Current Methods of Bacteria Identification Using Ribosomal DNA: Terminal Restriction Fragment Length Polymorphism (T-RFLP)
Terminal restriction fragment length polymorphism utilizes both PCR and RFLP analysis. The primers used in T-RFLP are labeled with fluorescent molecules and occasionally fluorescent dyes are needed for tagging, the most commonly used one being 6-carboxyfluorescein (6-FAM). After the PCR amplification, the amplicons are then cut by restriction enzymes. A capillary electrophoresis machine is then needed to separate the resulting fragments and their sizes are determined by a fluorescence detector. The main advantage of T-RFLP is that the first fragment in a sequence is able to be identified due to the primers being bound to the 5’ end of the fluorescent molecule. T-RFLP provides more potential for statistical analysis as compared to other techniques due to the grouping of fragments into operational taxonomic units (OTUs). Although T-RFLP is relatively fast, the capillary electrophoresis machine required for the process is expensive, making it a costly option when compared to other methods. On a broader scale, ARDRA and T-RFLP are essentially the same process; however, ARDRA will not use labeled primers while T-RFLP will implement such primers into the process.
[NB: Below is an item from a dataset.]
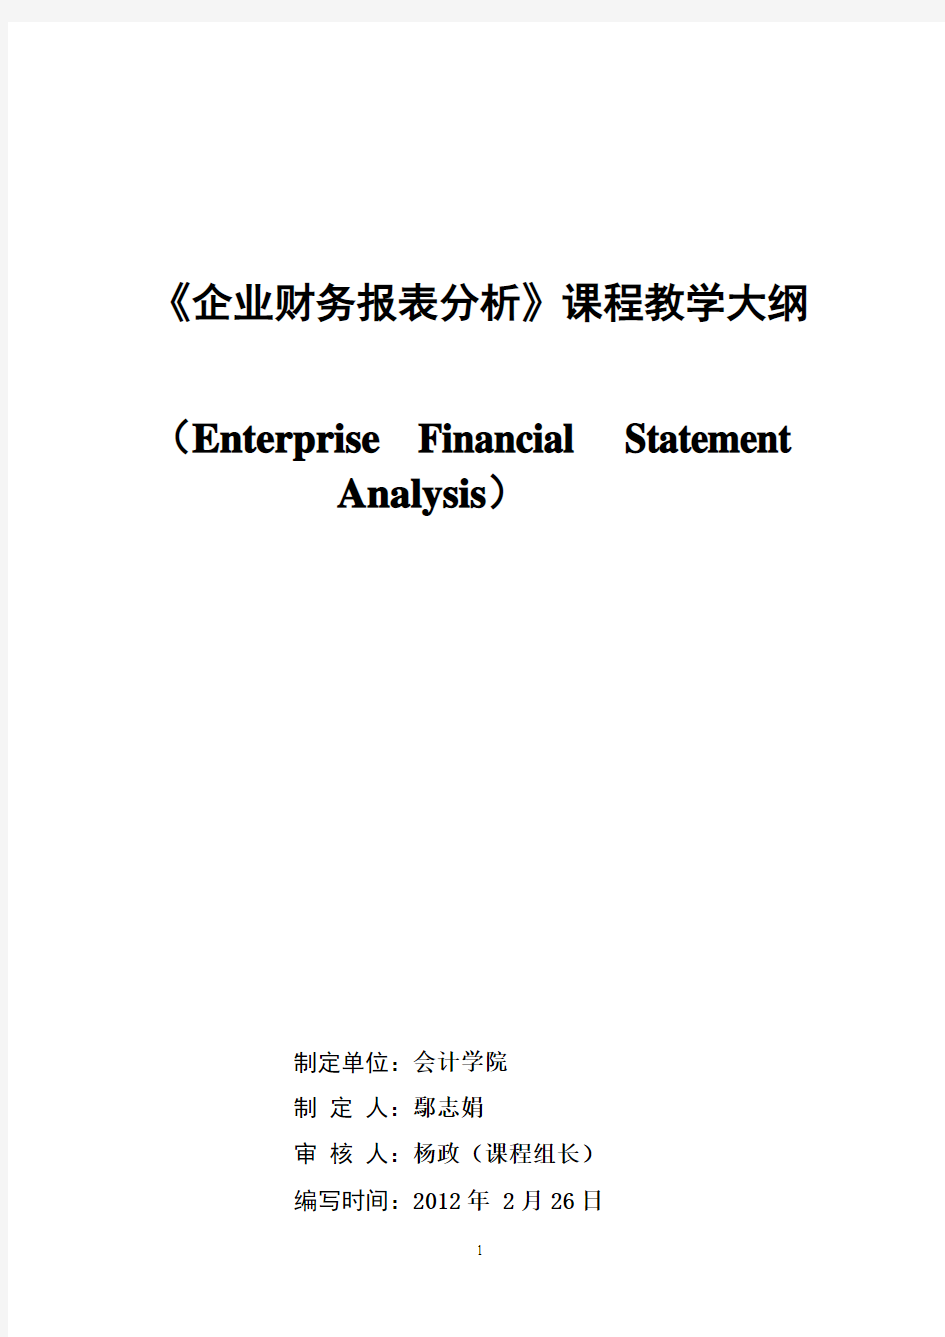 2012《财务报表分析》课程教学大纲(2学分)0303

T-RFLP also uses a fluorescence detector to detect the labeled primers, contributing to the increased efficiency and expense.
Purpose
Current methods for identifying bacteria using ribosomal DNA fingerprints require substantial time and resources, creating barriers to scientific research since costly equipment is required that may not be accessible to everyone. Additionally, in a lab setting, this process would be time-consuming and require several steps. First, the full genome would have to undergo PCR to isolate and amplify the target DNA region. In bacteria, the Uni331F and 1492R primers would be used in this step to target the 16S rRNA gene. Then, the PCR products would be run through a series of three restriction enzyme digests. Once the restriction fragments are obtained, they can be run through a gel electrophoresis to separate the fragments by size. Because the length of the restriction fragments produced will differ from species to species, the gel would be analyzed and compared to a reference or a database to determine the identity of the organism. Therefore, to overcome this obstacle and make identification more accessible, we aim to design a computational tool that will identify an unknown microorganism by analyzing its 16S rRNA gene sequence using the more inexpensive ARDRA method while still producing results comparable to that of T-RFLP.
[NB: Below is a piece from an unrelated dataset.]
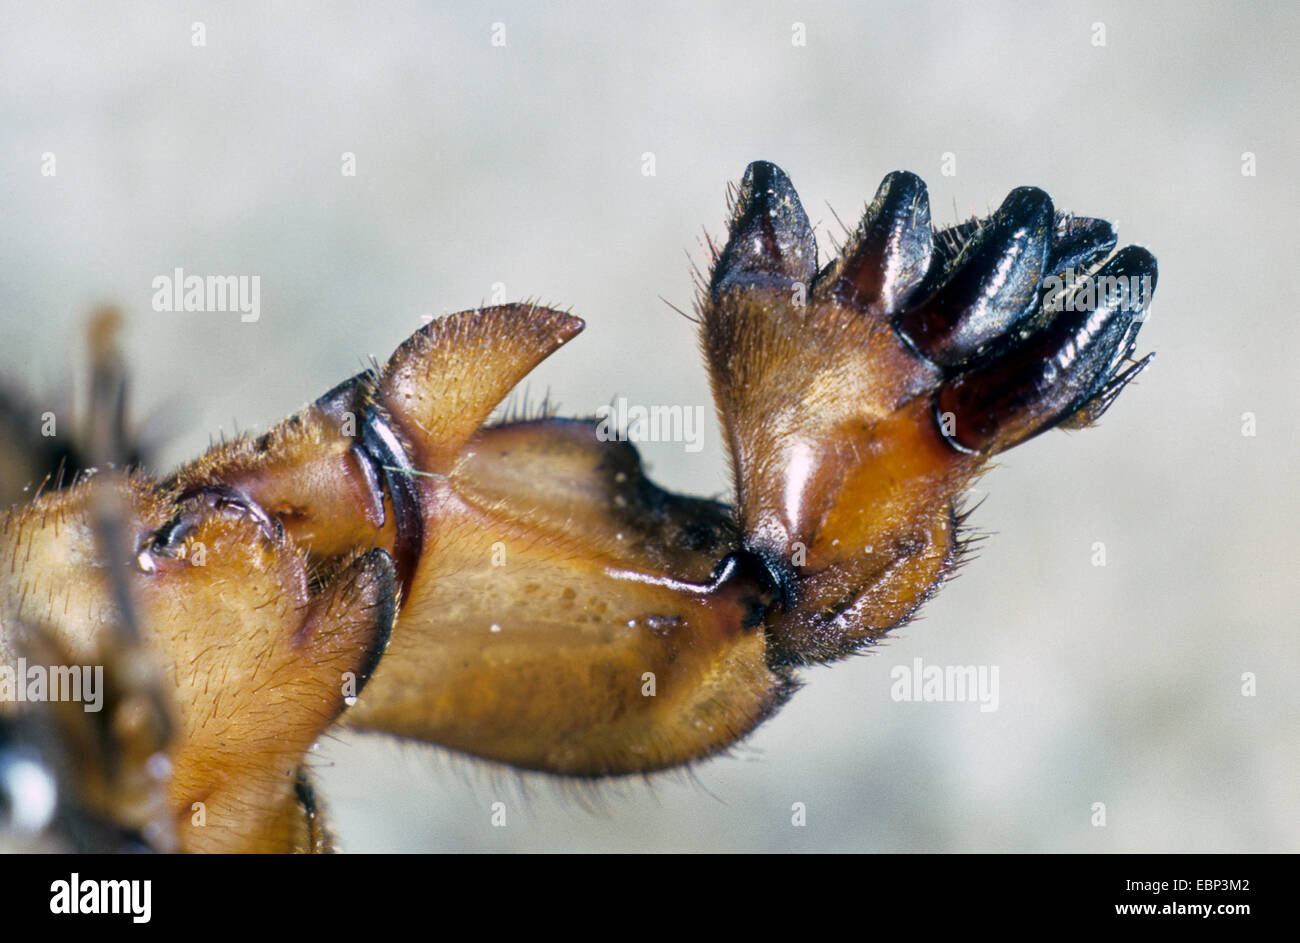 European mole cricket, Mole cricket (Gryllotalpa gryllotalpa), mole-like forelegs, Germany Stock Photo

Methodology Test Data Generation
In order to establish a baseline for the behavior of our virtual digest program, test data was collected to compare the results of our program with the results of a pre-existing web-based restriction enzyme digest. The overall process for test data generation is shown in Figure 3.
Figure 3: Overall Steps for Test Data Generation A full
bacterium genome was downloaded from the GenBank database, then run through a virtual PCR simulation from the Sequence Manipulation Suite using the Uni331F and 1492R primers (Figure 4). This allowed us to target and amplify the desired 16S rRNA gene sequences in the DNA so that only this region would be used in the virtual digest. After the fragment was obtained through the virtual PCR, a virtual restriction enzyme test was performed.